Write out the whole listing below exactly, skipping each picture.

*INFORMATION SUPPLIED:*
━━━
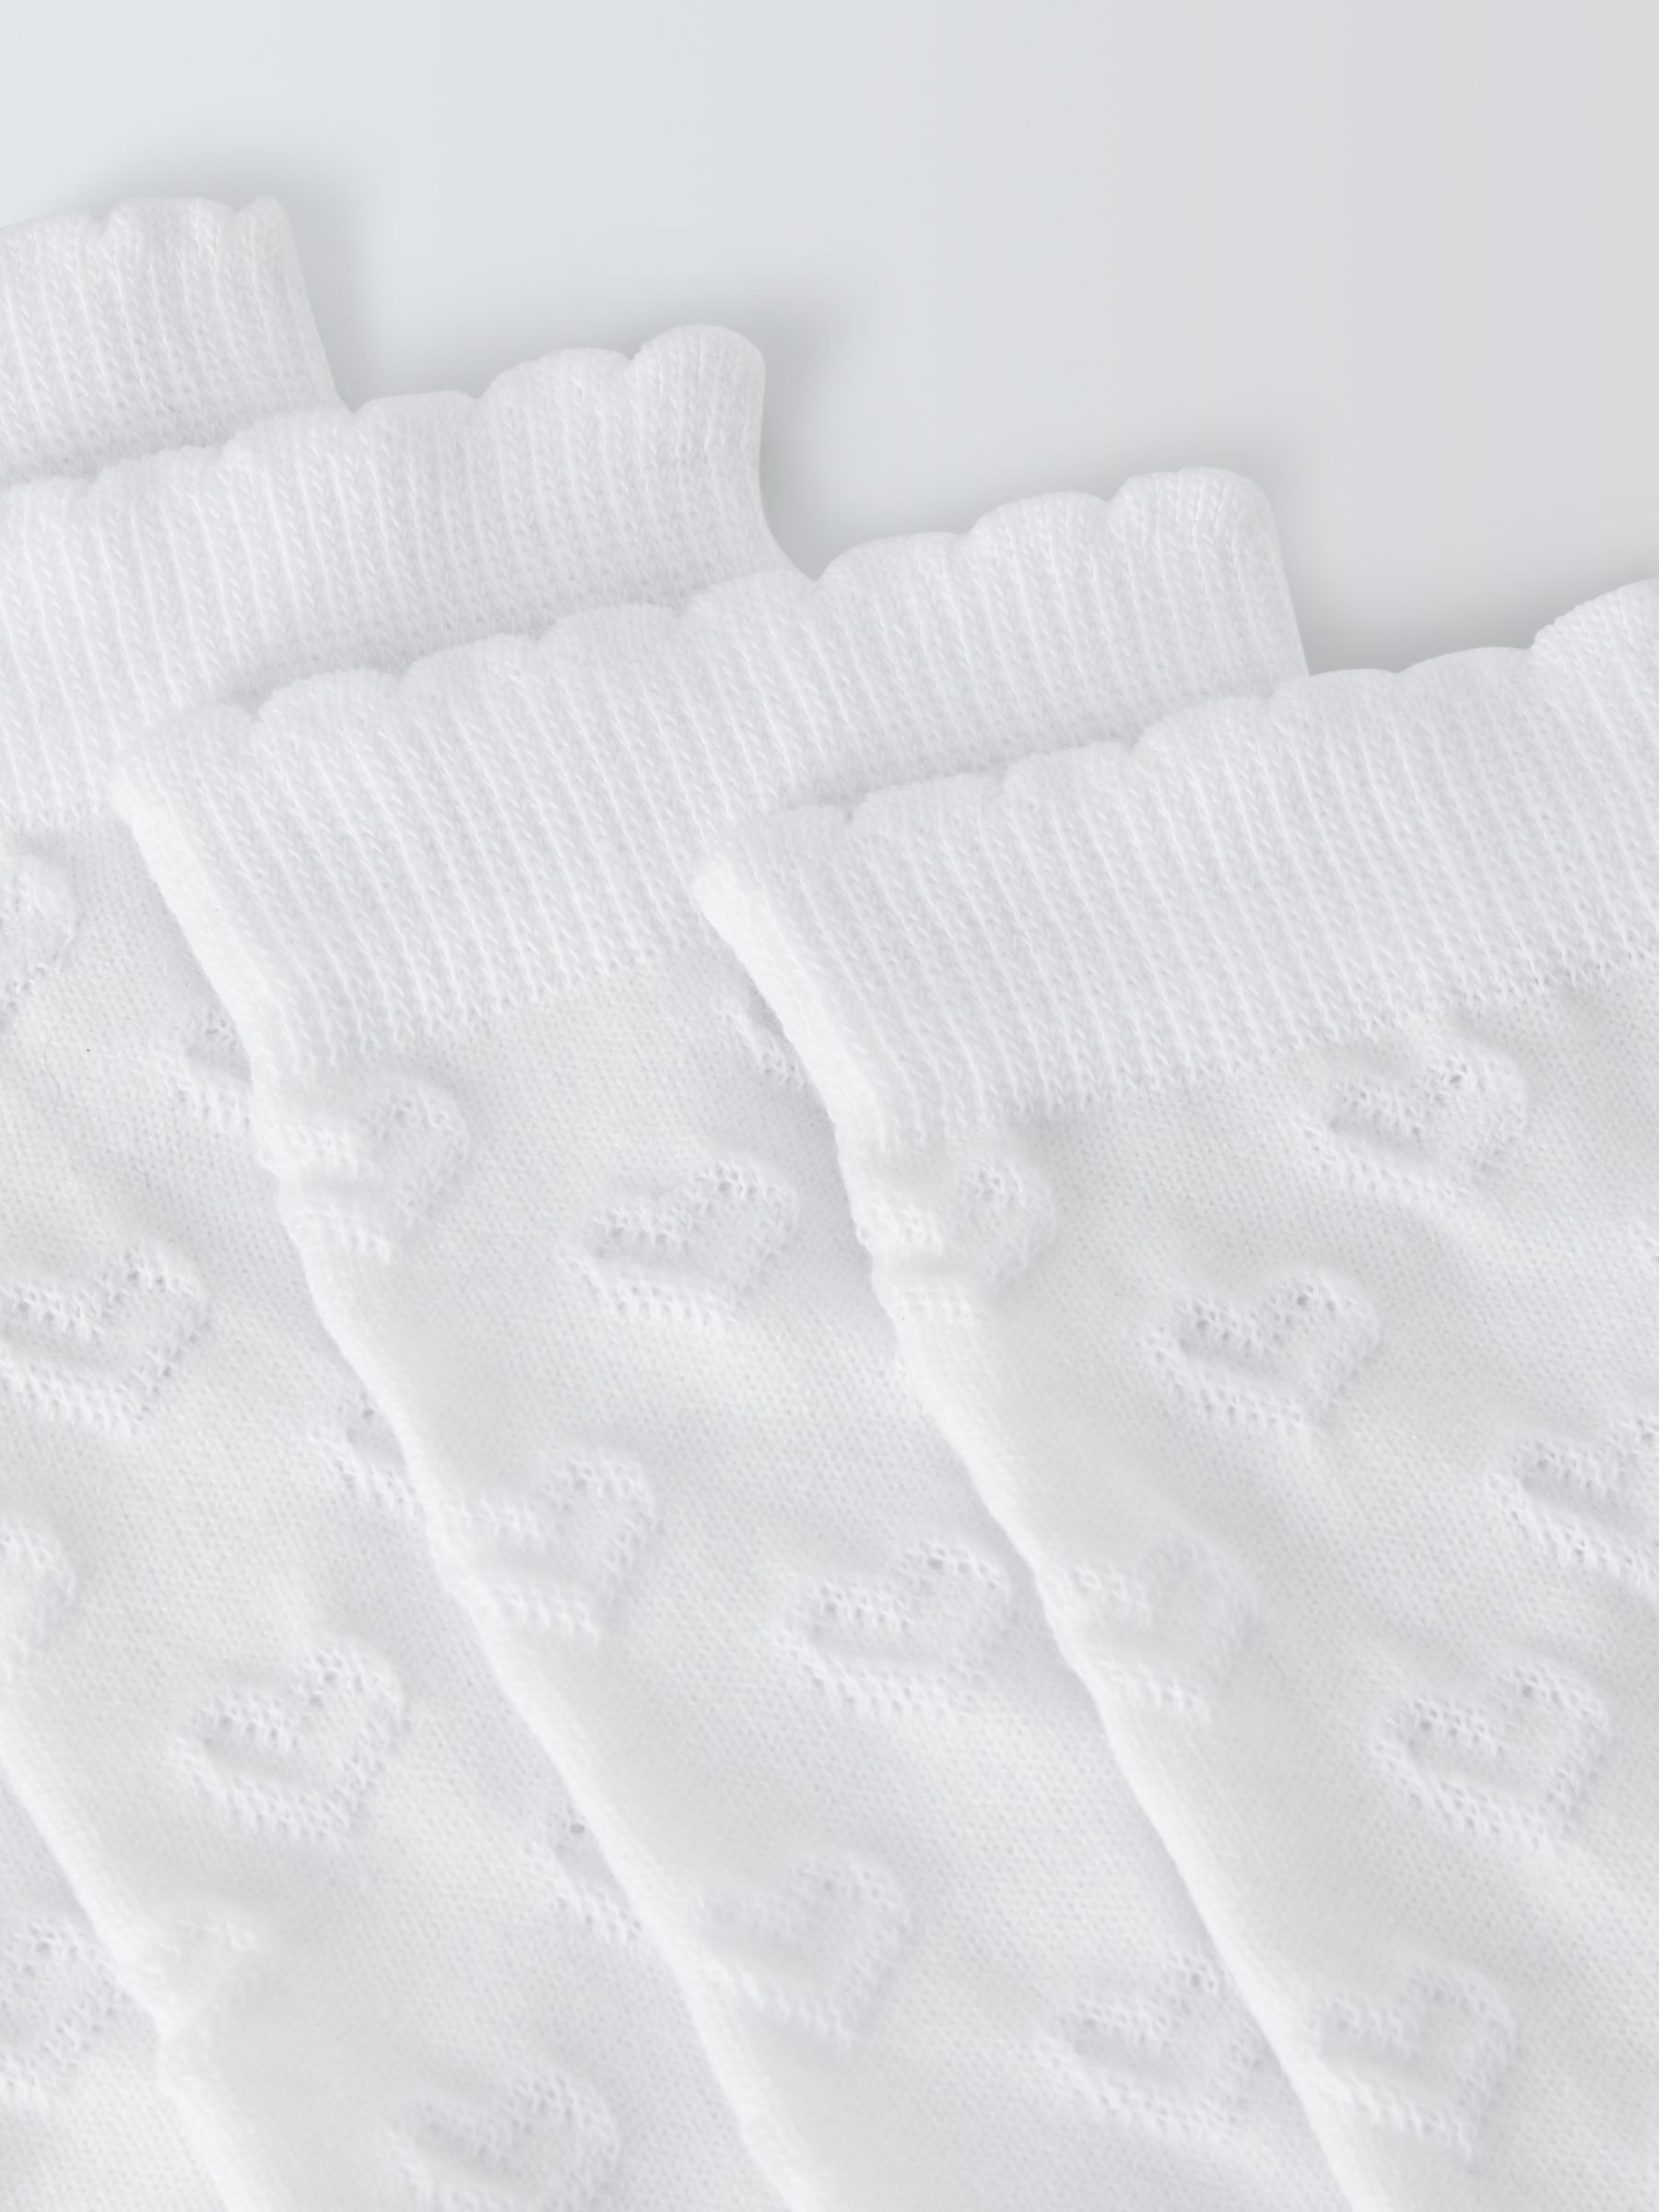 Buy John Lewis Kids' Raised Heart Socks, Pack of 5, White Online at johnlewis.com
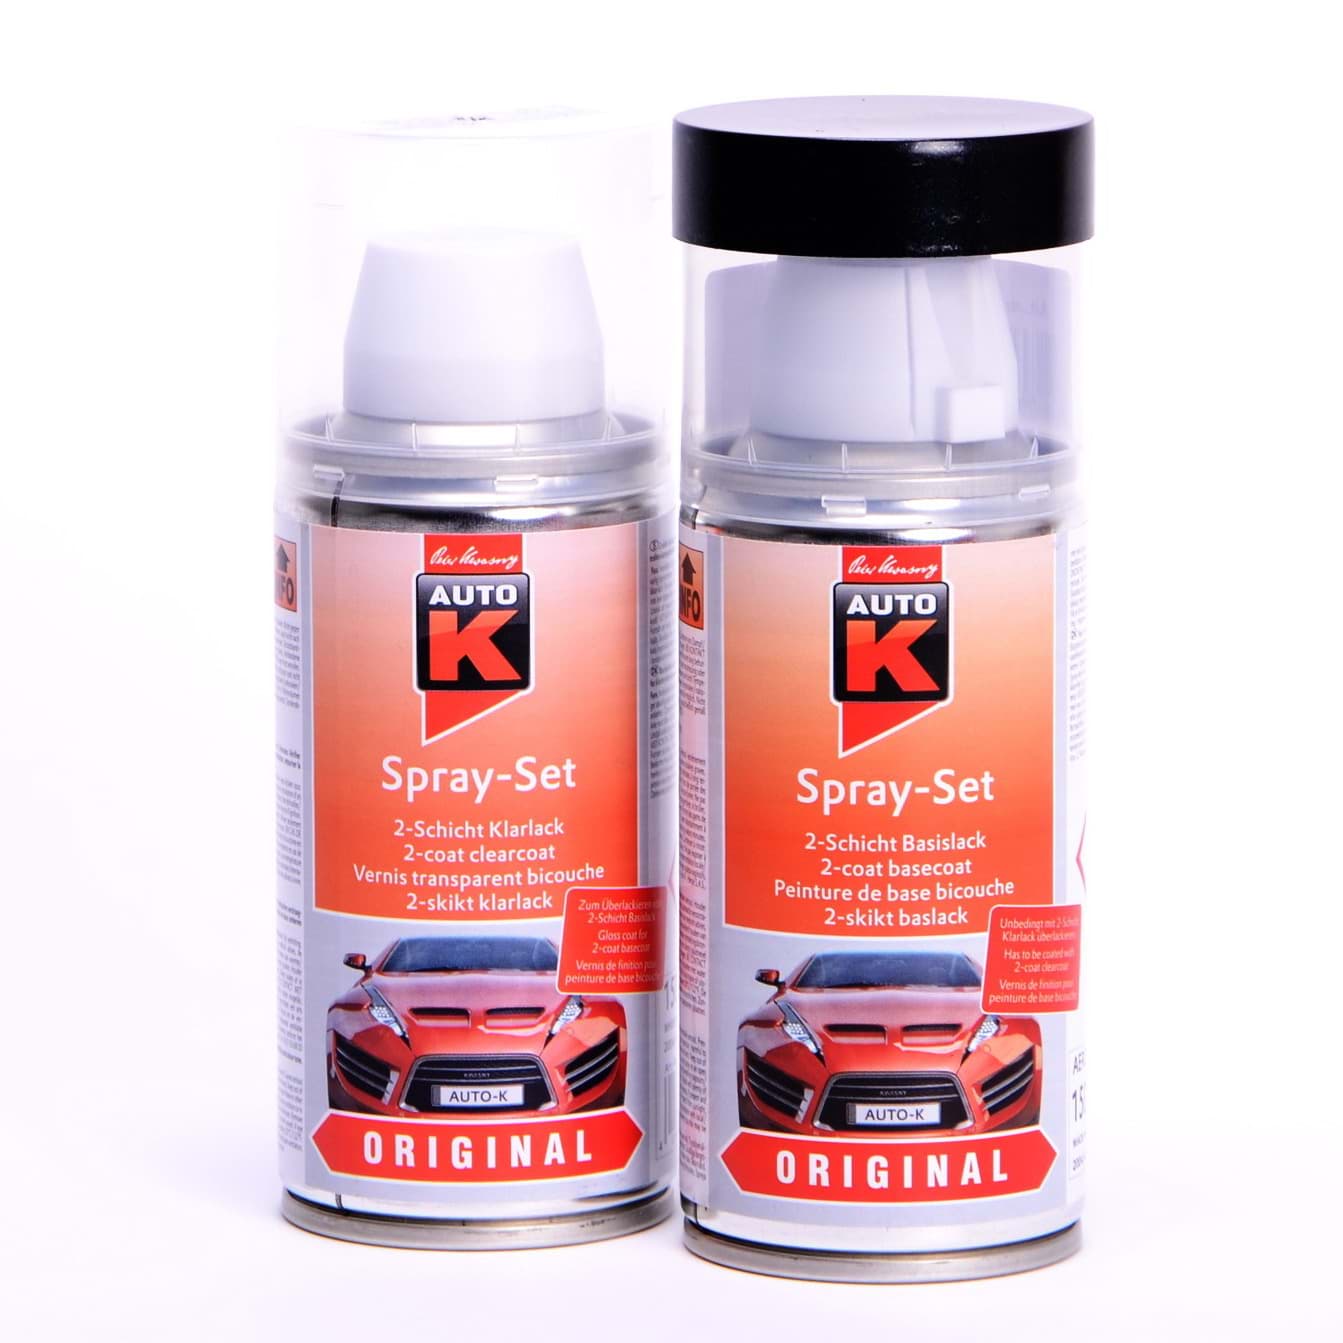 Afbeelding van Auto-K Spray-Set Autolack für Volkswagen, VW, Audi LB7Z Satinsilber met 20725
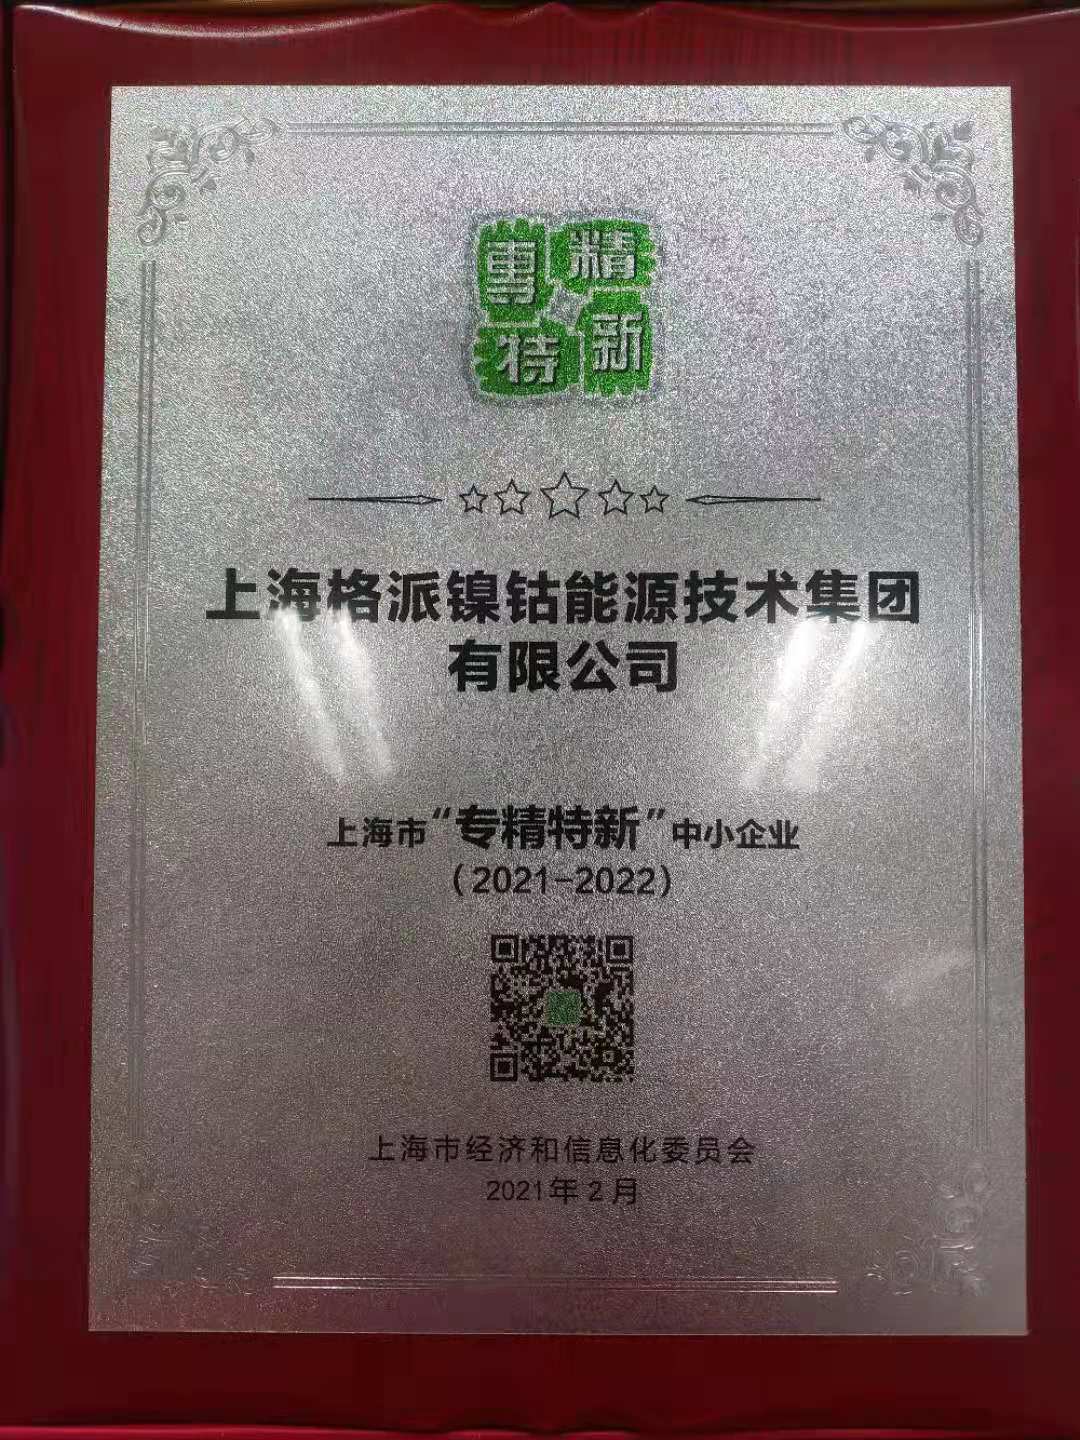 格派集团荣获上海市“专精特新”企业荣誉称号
━━━
*RESPONSE TO THE EXERCISE:*
 Buy John Lewis Kids' Raised Heart Socks, Pack of 5, White Online at johnlewis.com
 Afbeelding van Auto-K Spray-Set Autolack für Volkswagen, VW, Audi LB7Z Satinsilber met 20725
 格派集团荣获上海市“专精特新”企业荣誉称号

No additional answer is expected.